1 vial GDF-8 (Myostatin) 1mg
Myostatin (GDF8) is a negative regulator of muscle growth in mammals, and loss-of-function mutations are associated with increased skeletal-muscle mass in mice, cattle, and humans. Here, we show that positive natural selection has acted on human nucleotide variation at GDF8, since the observed ratio of nonsynonymous:synonymous changes among humans is significantly greater than expected under the neutral model and is strikingly different from patterns observed across mammalian orders. Furthermore, extended haplotypes around GDF8 suggest that two amino acid variants have been subject to recent positive selection. Both mutations are rare among non-Africans yet are at frequencies of up to 31% in sub-Saharan Africans. These signatures of selection at the molecular level suggest that human variation at GDF8 is associated with functional differences.
The genetic basis of muscle development and growth has been extensively studied in an effort to treat myopathies1 and to understand individual variation in athletic performance.2 Because musculature features might have provided a fitness advantage during human evolution, candidate genes related to musculature may have been targets of natural selection in humans.

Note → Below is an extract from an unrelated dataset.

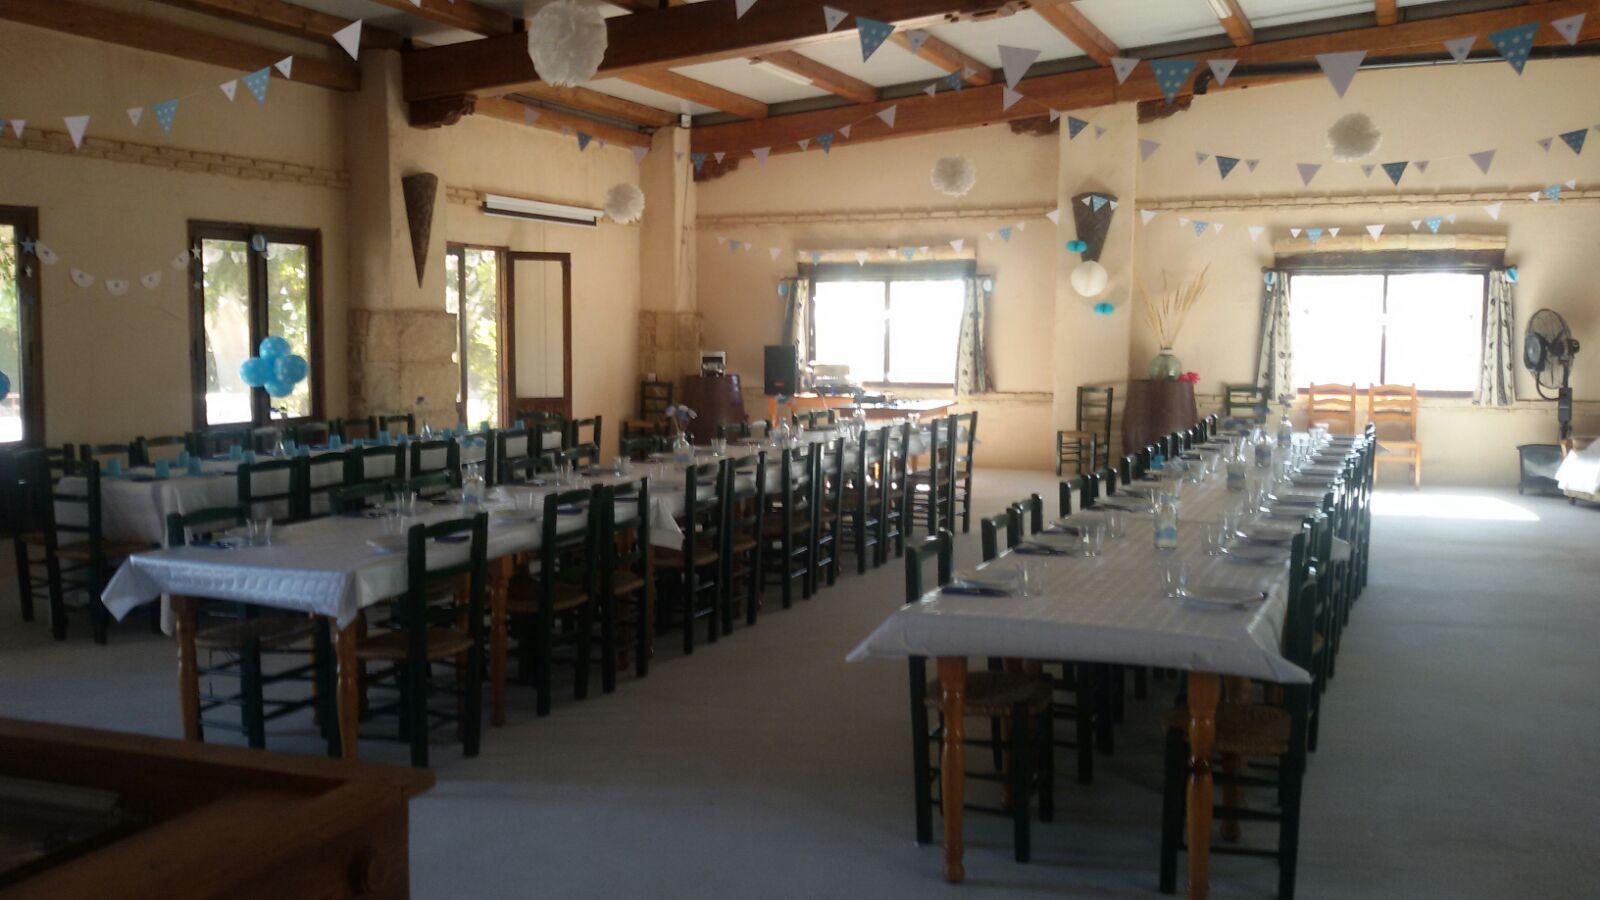 Interiori del salón de celebraciones del complejo rural cinco soles de murcia

The myostatin gene, also called “growth and differentiation factor 8” (GDF8 [MIM 601788]) encodes a negative regulator of skeletal-muscle growth.3 First described in the mouse, myostatin is expressed in different muscles throughout the body, both during early development and in adults. Mouse null mutants are significantly larger than wild-type animals, with 200%–300% more skeletal-muscle mass because of an increase in the number of myocytes (hyperplasy) and an increase in the size of muscle fibers (hypertrophy).3 A similar phenotype is seen in some breeds of double-muscled cattle that also have myostatin mutations.4,5 A loss-of-function mutation in the myostatin gene (a missplicing change in IVS1:G378A) has been associated with muscle hypertrophy in a human subject,6 and myostatin expression levels have been shown to be inversely correlated with muscle mass in healthy and HIV-infected subjects.7 These data suggest that myostatin acts in a similar fashion among all mammals. Here, we tested the hypothesis that patterns of human nucleotide variation at GDF8 have been shaped by positive natural selection.